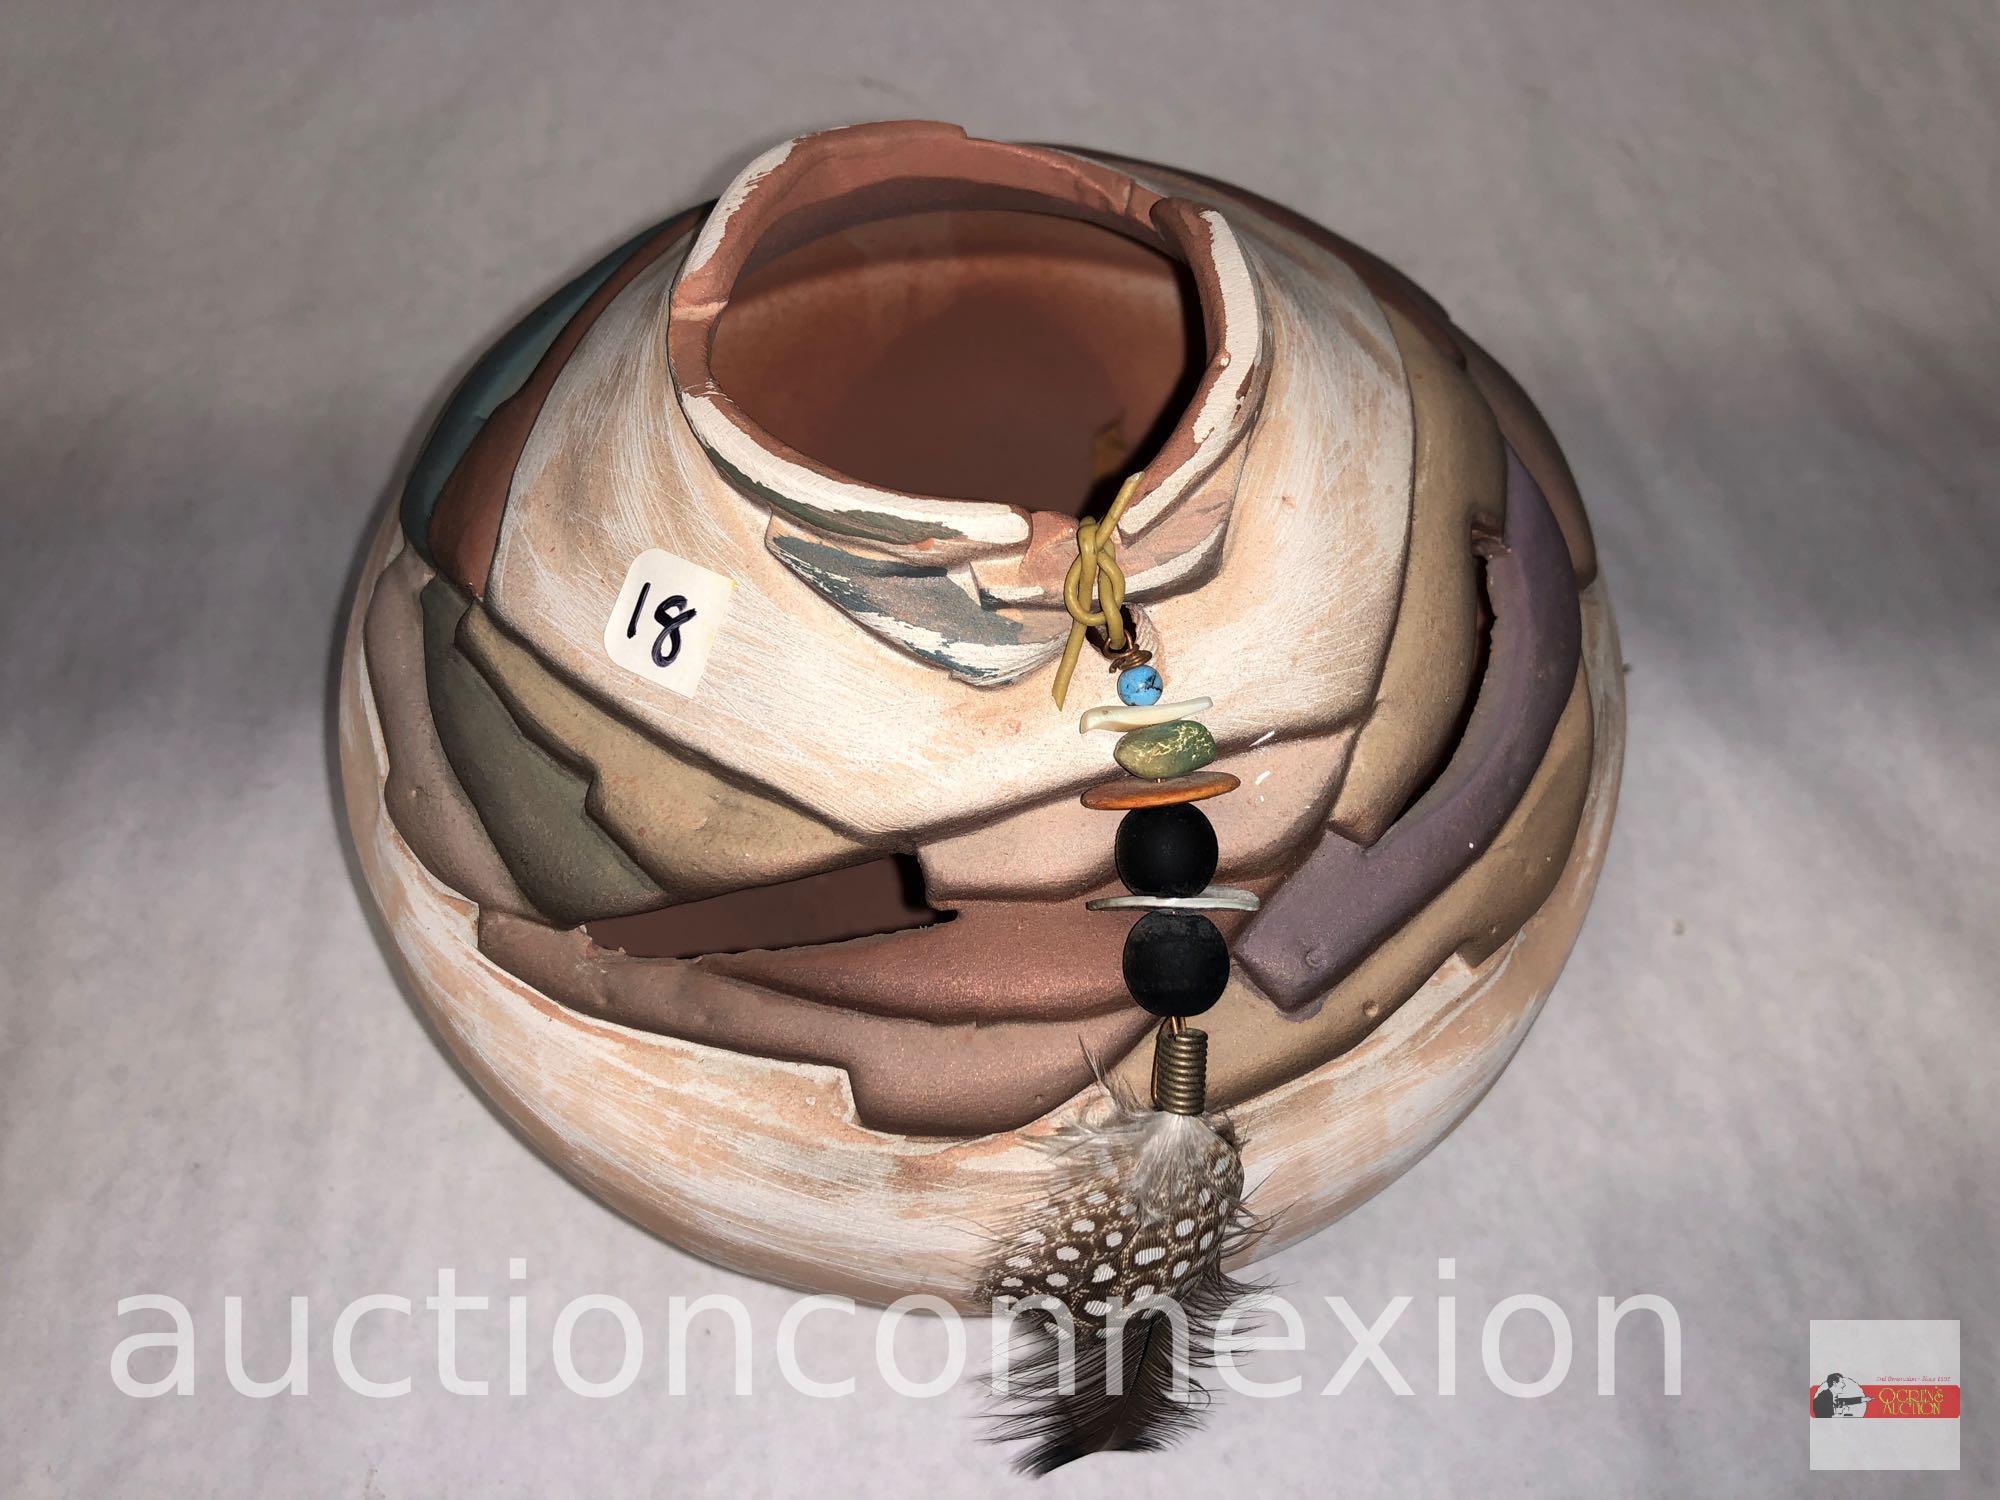 Pottery - Steven Kaye Designs, signed, dated 1998, Southwest stled vase
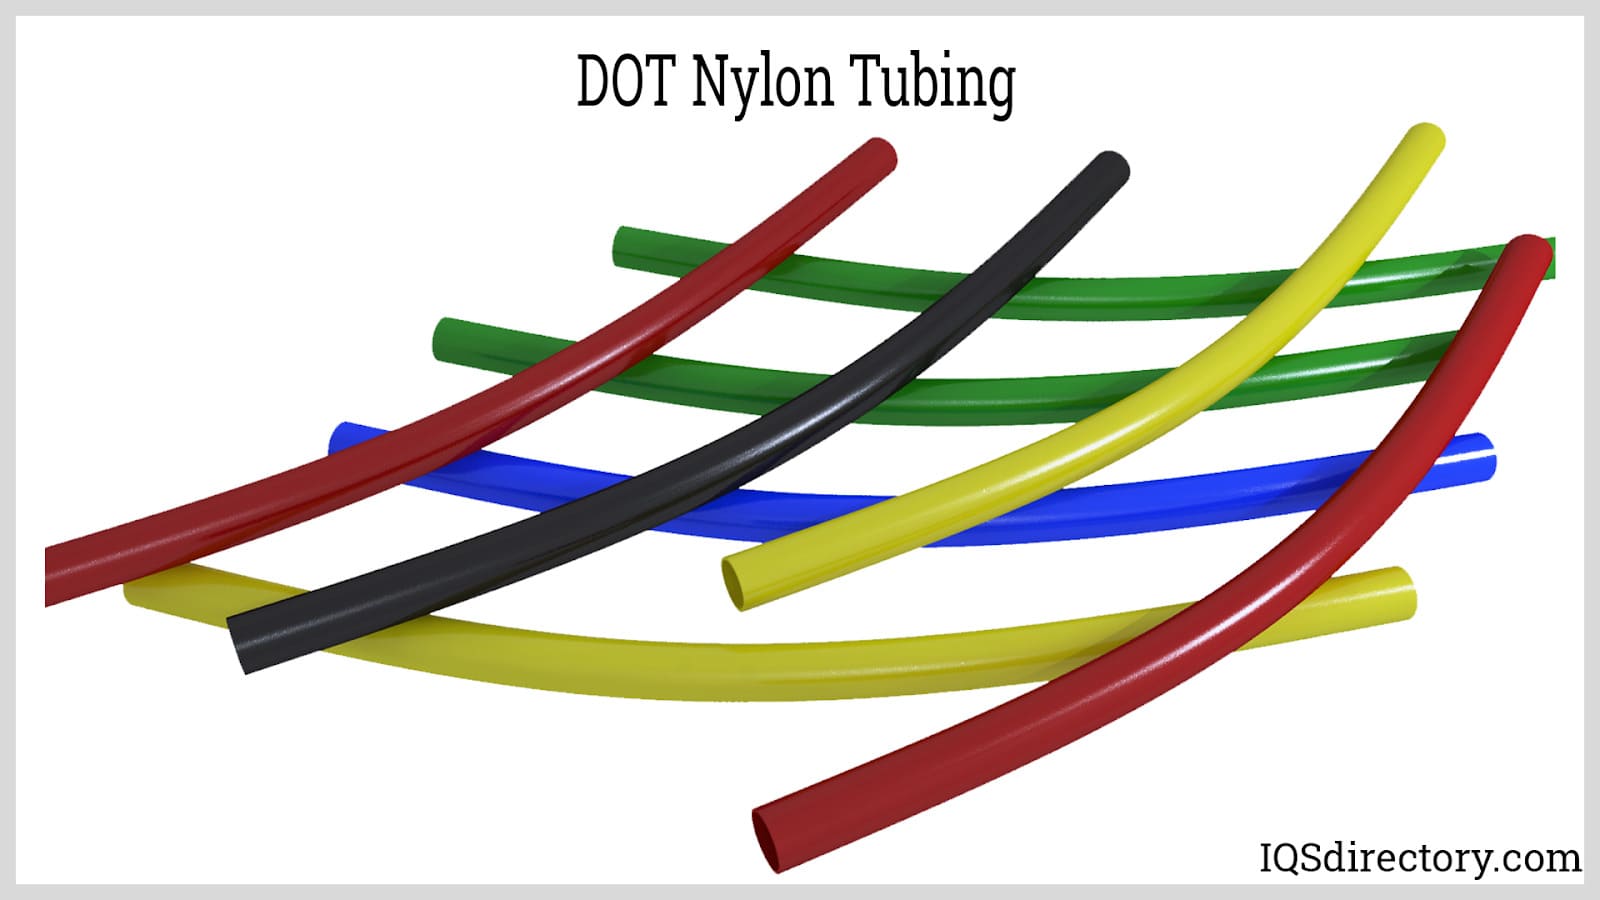 DOT Nylon Tubing
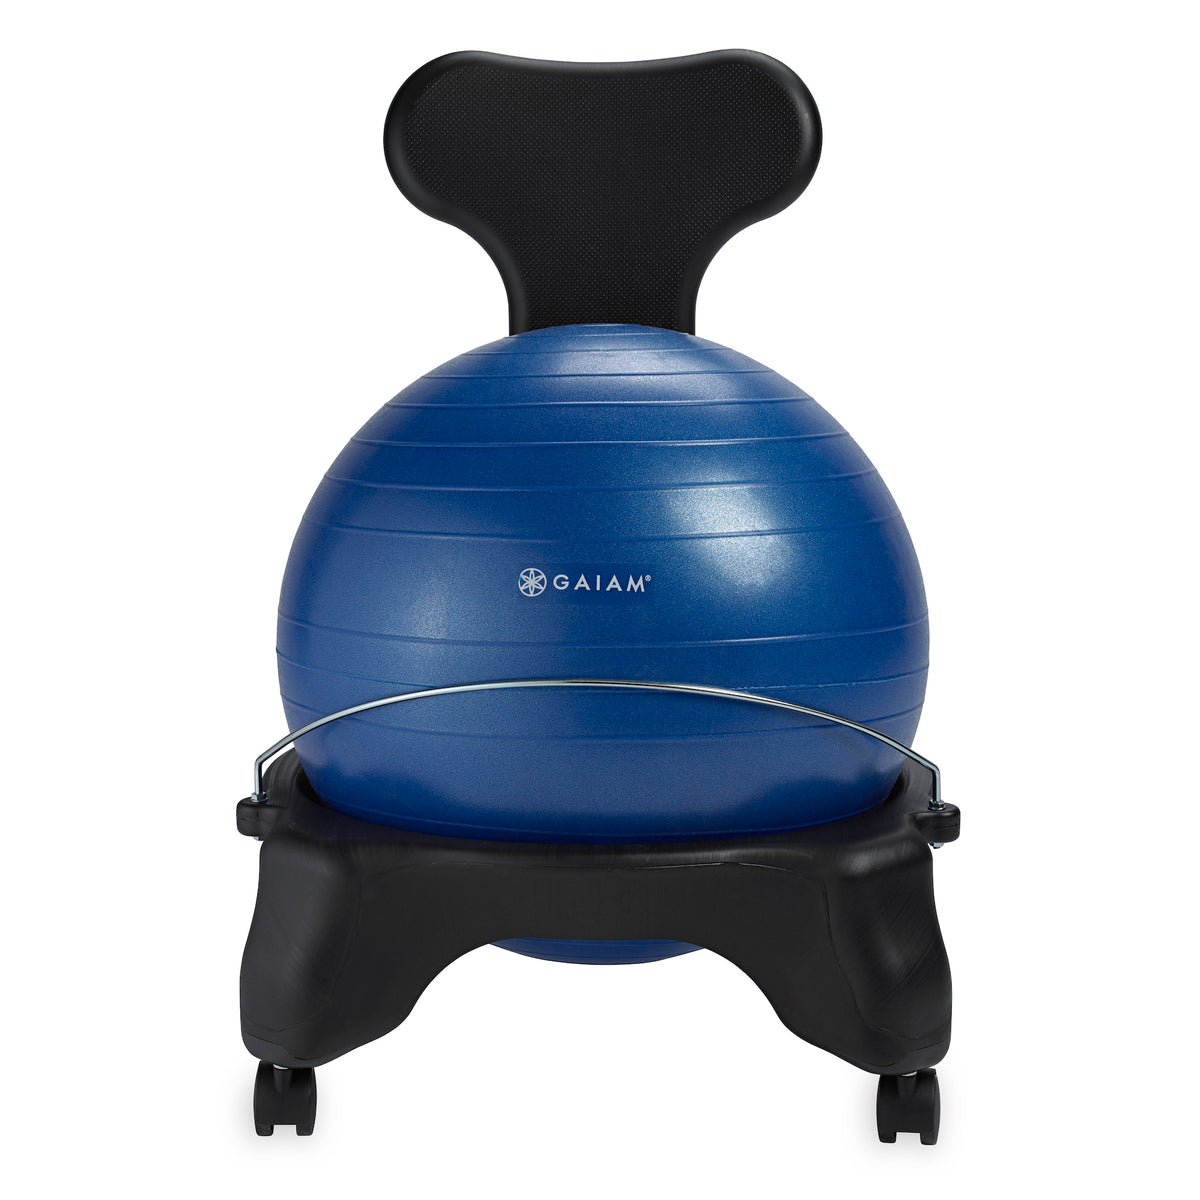 Gaiam Classic Balance Ball® Chair blue front

# Goal of the exercise
Reproduce all of the data exactly; the pictures do not belong in the copy.

# Answer to the problem
 Pottery - Steven Kaye Designs, signed, dated 1998, Southwest stled vase
 DOT Nylon Tubing
 Gaiam Classic Balance Ball® Chair blue front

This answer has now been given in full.